● Assignment
The expected result is an exact restatement of the data, free of pictures.

● Exercise data

◆ ◆ ◆

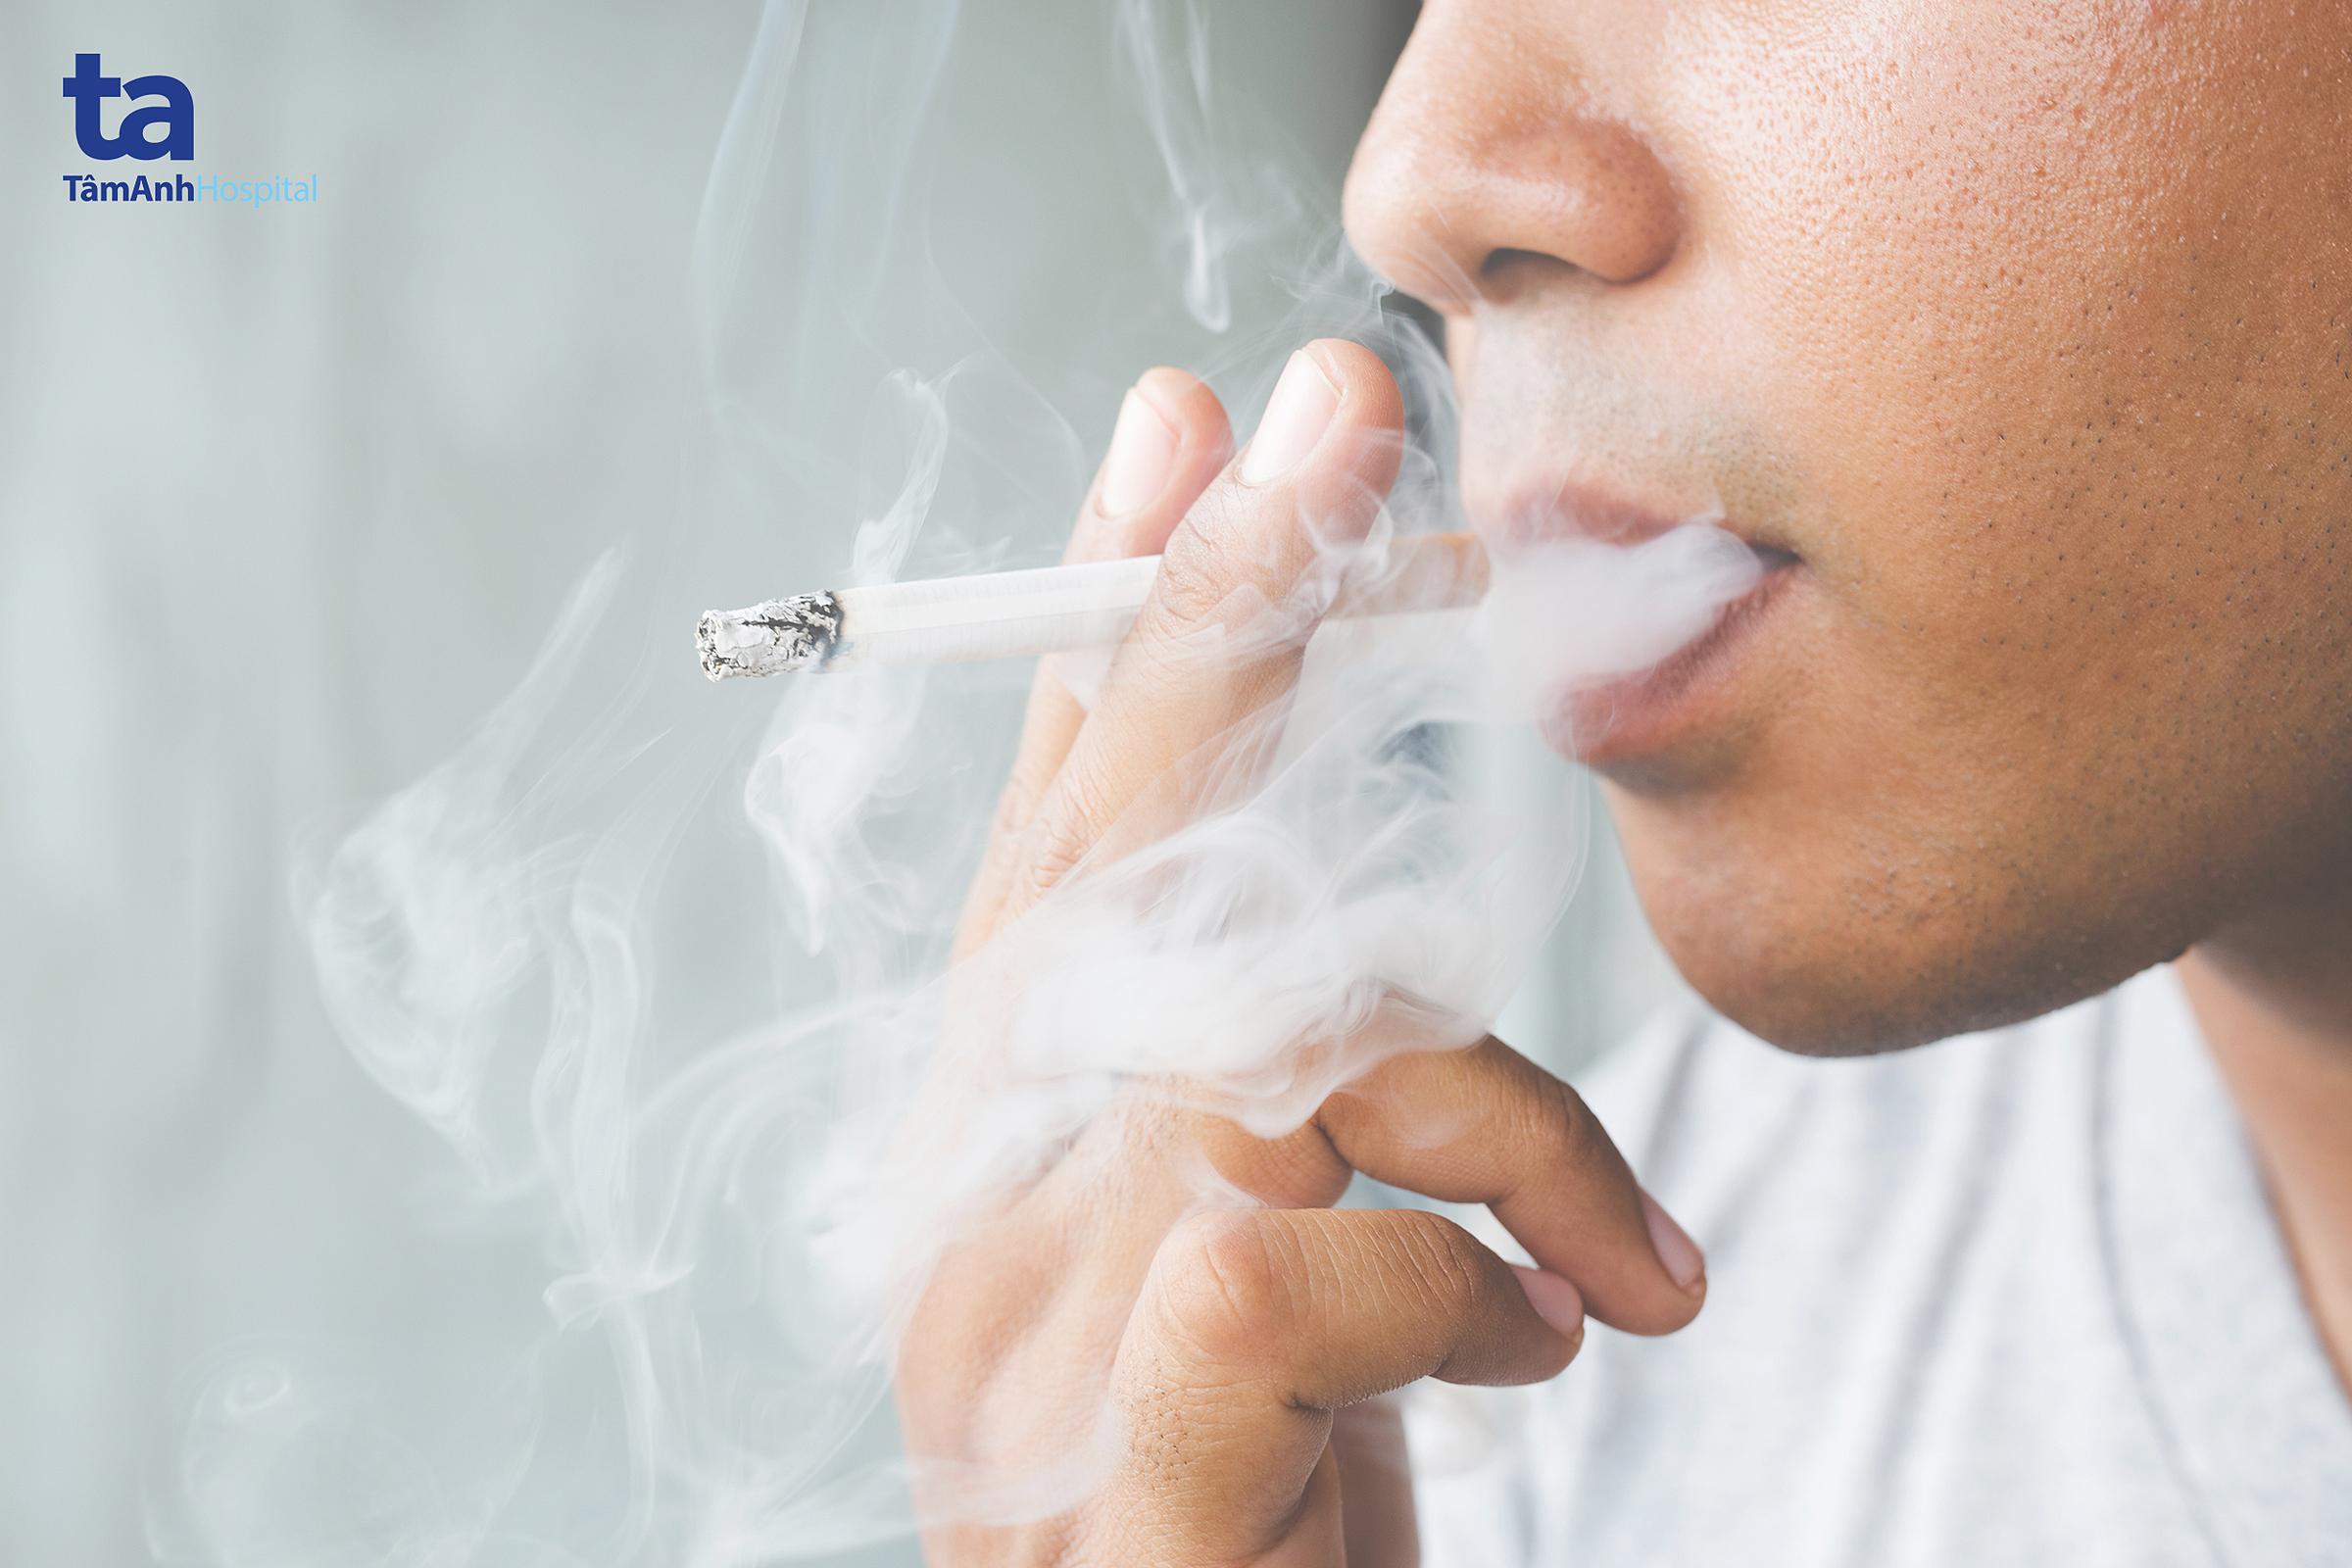 Chỉ với vài điếu thuốc lá mỗi ngày bạn vẫn có nguy cơ mắc các bệnh lý tim mạch.
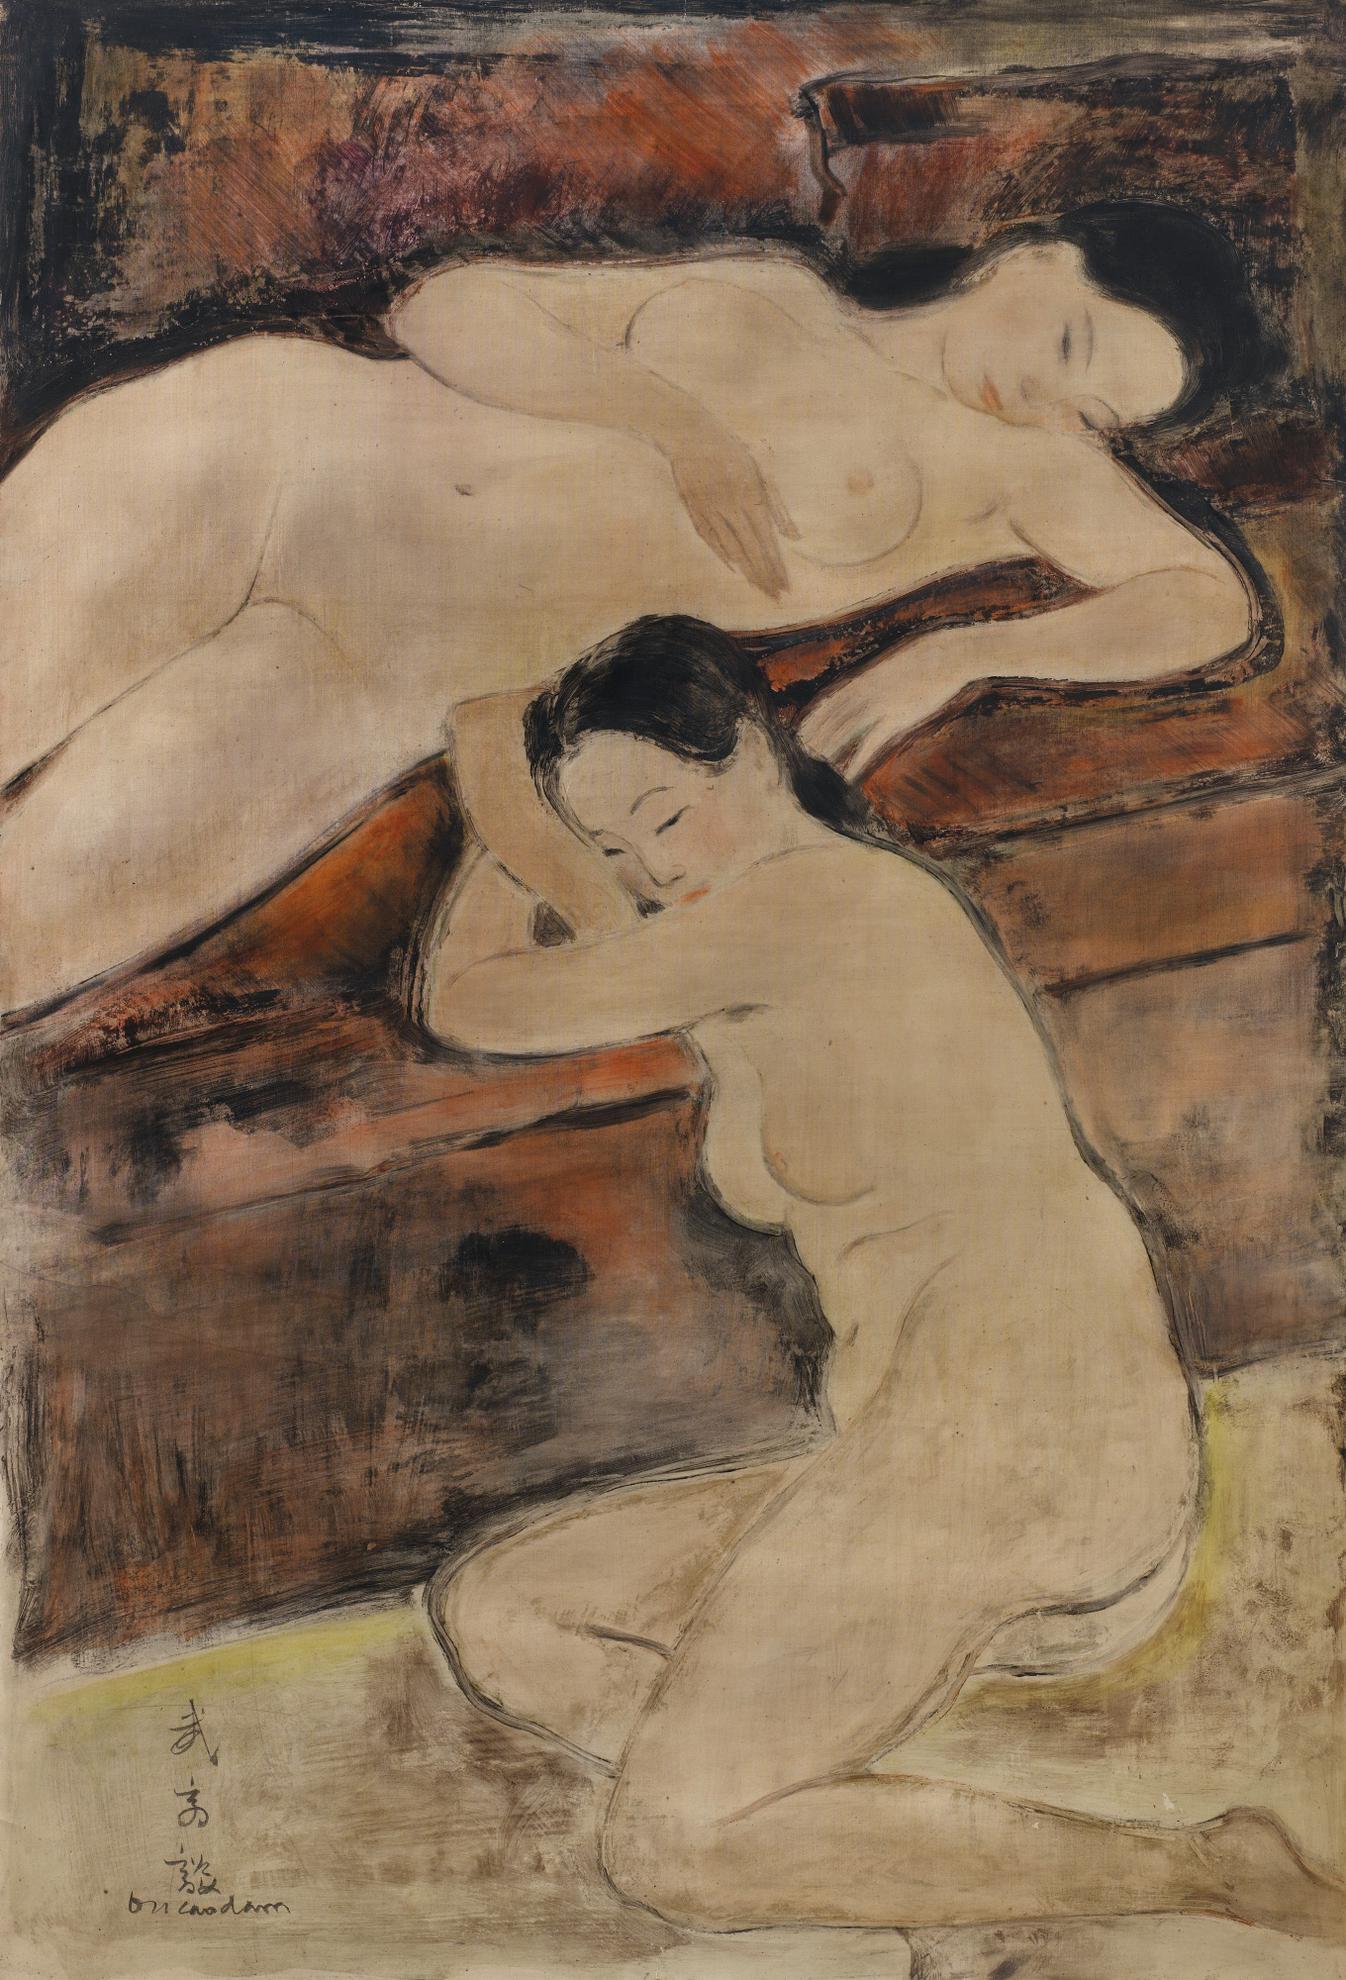 Vu Cao Dam-Le Repos Apres Le Bain (Rest After The Bath)-1939
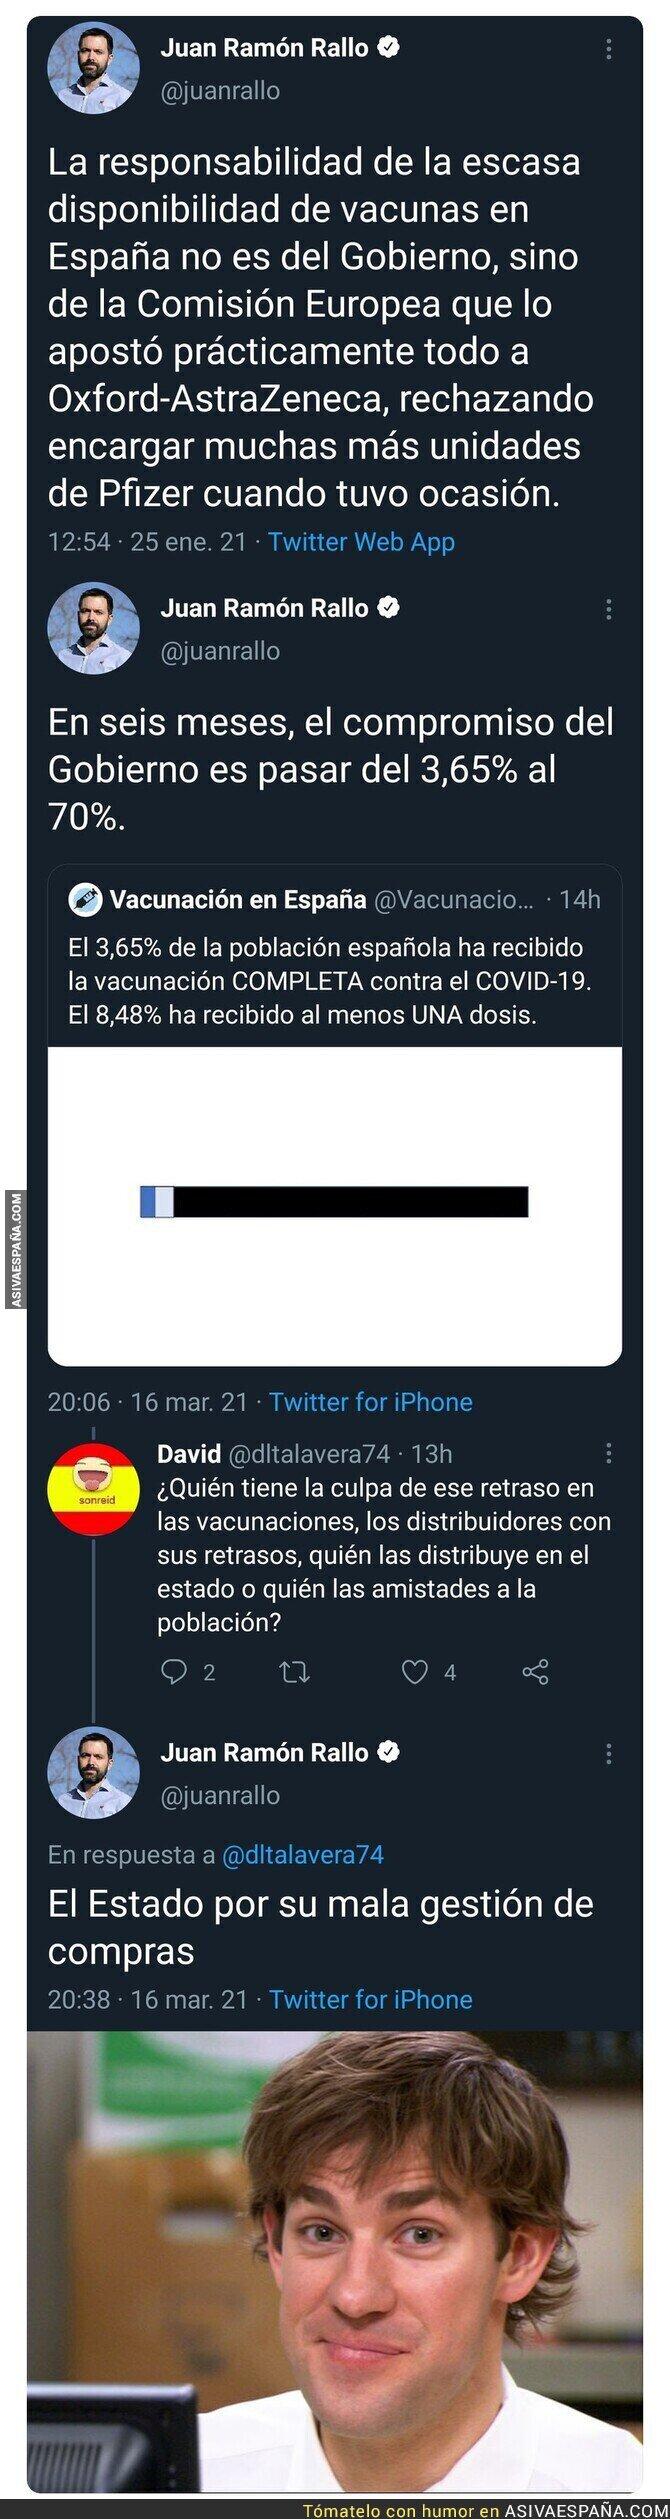 651519 - Lo peor es la gente que cree a Juan Ramón Rallo

◆ ◆ ◆

● Worked solution
 Chỉ với vài điếu thuốc lá mỗi ngày bạn vẫn có nguy cơ mắc các bệnh lý tim mạch.
 Vu Cao Dam-Le Repos Apres Le Bain (Rest After The Bath)-1939
 651519 - Lo peor es la gente que cree a Juan Ramón Rallo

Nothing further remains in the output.